- Interactive map of Diadkovychi rural hromada
- Country: Ukraine
- Oblast (province): Rivne Oblast
- Raion (district): Rivne Raion
- Established: 2018
- Administrative center: Diadkovychi

Area
- • Total: 156.98 km^{2} (60.61 sq mi)

Population
- • Total: 5,370
- • Density: 34.2/km^{2} (88.6/sq mi)

= Diadkovychi rural hromada =

Municipality in Rivne Oblast, Ukraine

Diadkovychi rural hromada is one of the hromadas of Rivne Raion in Rivne Oblast of Ukraine. Its administrative centre is the village of Diadkovychi. The Dyadkovytsia territorial hromada is located west of Rivne. The larger area of the hromada is located in the Volhynian Upland, in the Pripyat River basin. Community population: 5712 (as of 01.01.2023).

==Composition==
The community was established on December 23, 2018 by merging the Dyadkovytska, Verkhivska and Maloshpakivska rural districts. The hromada consists of 17 villages:
- Diadkovychi (administrative centre)
- Dvorovychi
- Humennyky
- Ivanychi
- Kryvychi
- Makoterty
- Malyi Shpakiv
- Mylostiv
- Peredily
- Peresopnytsia
- Pidhirtsi
- Ploska
- Shostakiv
- Velykyi Shpakiv
- Verkhivsk
- Yasynynychi
- Zaritsk

== Geography ==
The area of the Diadkovychi rural hromada is 157.1 km^{2}. Community population: 5712 (as of 01.01.2023). The Dyadkovytsia territorial hromada is located west of Rivne and borders the Rivne urban hromada.
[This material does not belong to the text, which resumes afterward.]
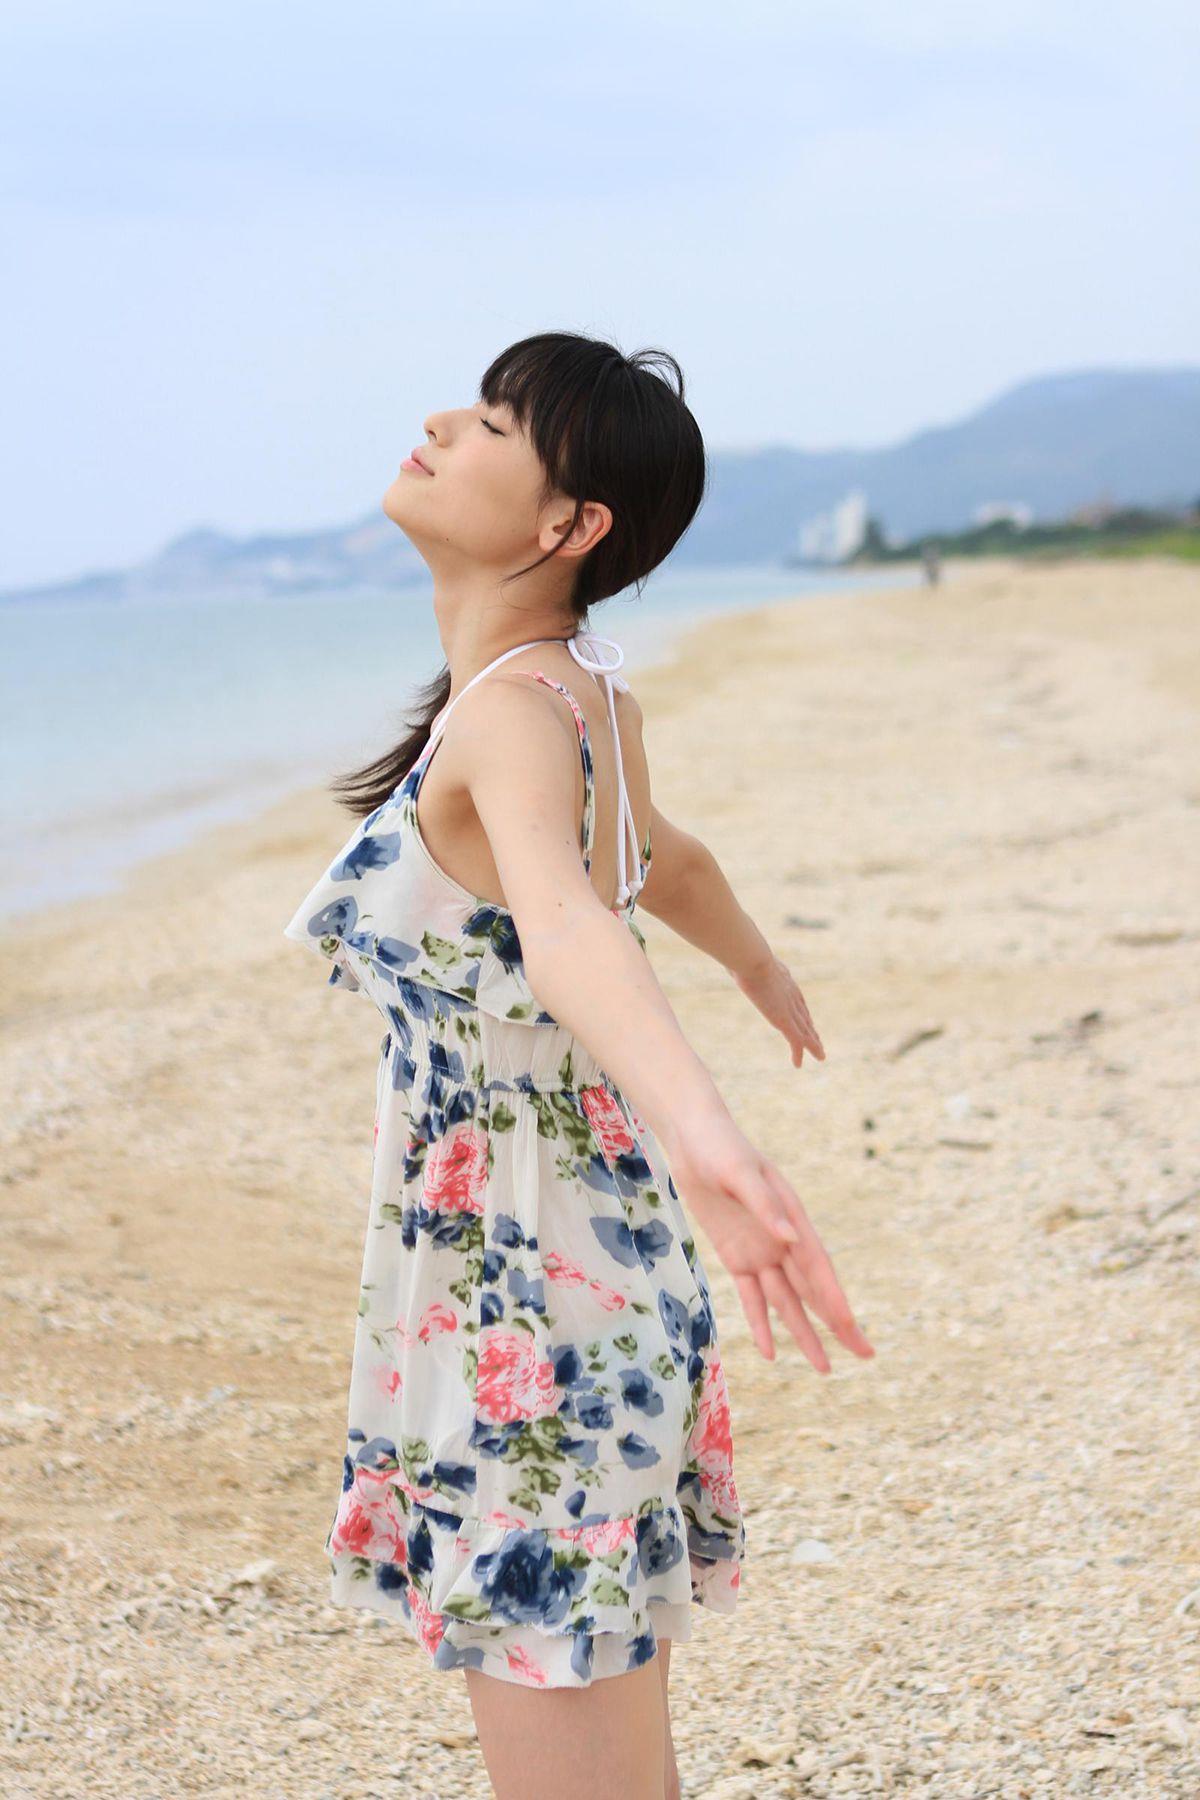 矢島舞美 エロ画像 5

The relief of the hromada is flat, partly lowland, covered with pine and oak forests. Diadkovychi rural hromada has reserves of peat, clay.

The larger area of the hromada is located in the Volhynian Upland. The Dyadkovytskyi rural hromada is located in the Pripyat River basin, with tributaries of the Horyn River flowing through the district. The climate of the region is moderately continental: winter is mild (in January -4.4 °, -5.1 °), with unstable frosts; summer is warm (in July +18.8 °), not hot. Most often, comfortable weather is observed in the summer months. The formation of stable snow cover is noted in the second decade of December. Rainfall 550 mm per year.

The territory of the Dyadkovytsia Village Council is dominated by gray podzolized soils and chernozem.

A highway runs through the settlements of the hromada, connecting the city of Rivne with the village of Mlyniv. In the immediate vicinity there is a national highway H-22 and an international highway M-06. At a distance of 15 km from the administrative center of the hromada there is an international airport in Rivne.

The agriculture of the Diadkovychi rural hromada specializes in growing grain crops, legumes, and oilseeds.